En situaciones de crisis, se acentúa una desconfianza que ya era crónica, y en la que no ayudan el infantilismo, el descrédito de medios e instituciones, ni la incertidumbre de lo que nos espera. Nada es sólido, a excepción de lo que podemos tocar (con las manos debidamente lavadas), y quizá nos fiemos de lo que vemos, aunque a distancia es muy fácil confundirse. Buscamos el apoyo de quienes refuerzan nuestra percepción y corroboran que es la correcta porque da sensación de seguridad. El problema es que entonces todos los que zarandean esa aparente seguridad pasan a ser sospechosos, y si no actúan según nuestro parecer, también irresponsables. La semana pasada fueron los niños, hoy son los runners, y cuando empiece el desconfinamiento serán los que vengan de fuera. Iremos rechazando a todo aquel que consideremos una amenaza por el mero hecho de que circula por la calle. - Llucía Ramis - lavanguardia.com
En casa estamos a salvo, pero la vida está ahí fuera. Del confinamiento hay que volver a la convivencia. Cada uno debe responsabilizarse de sus propios actos, sin juzgar los de los demás. Porque irresponsabilizar a una sociedad exige un totalitarismo que ponga orden. Y entonces lo que se pierde es la libertad.
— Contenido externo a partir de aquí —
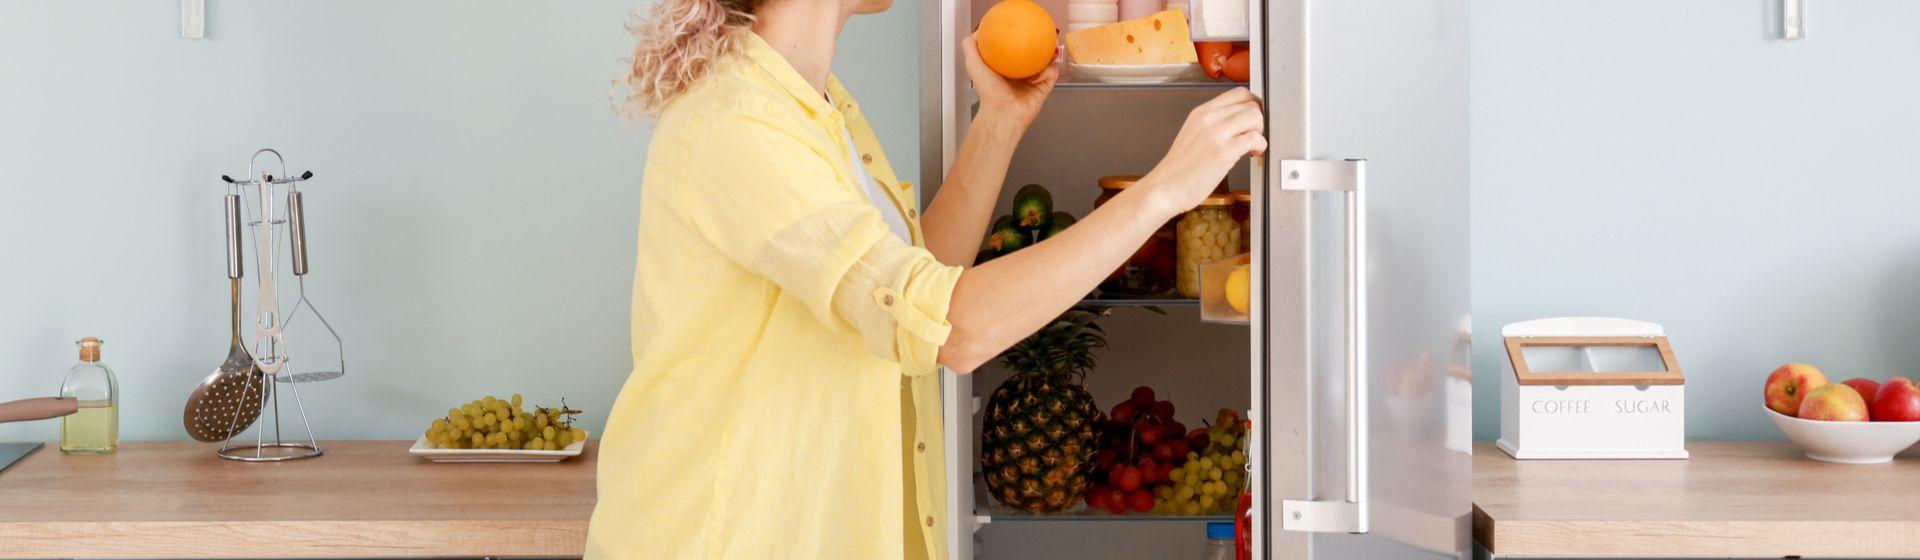 Melhor geladeira pequena para comprar em 2021

Y a estos talibanes de la intransigencia en el fondo lo que les molesta és que mientras que el confinamiento es la muerte el bullicio desordenado de la calle es la vida, y aunque la vida tiene sus riesgos hay que dejarse de remilgos y salir, salir a la calle para no morir de aburrimiento.
Ese es el problema: la capacidad de cada uno para hacerse responsable de sus propios actos. Algunos no saben estar a la altura.
ResponderEliminarUn saludo.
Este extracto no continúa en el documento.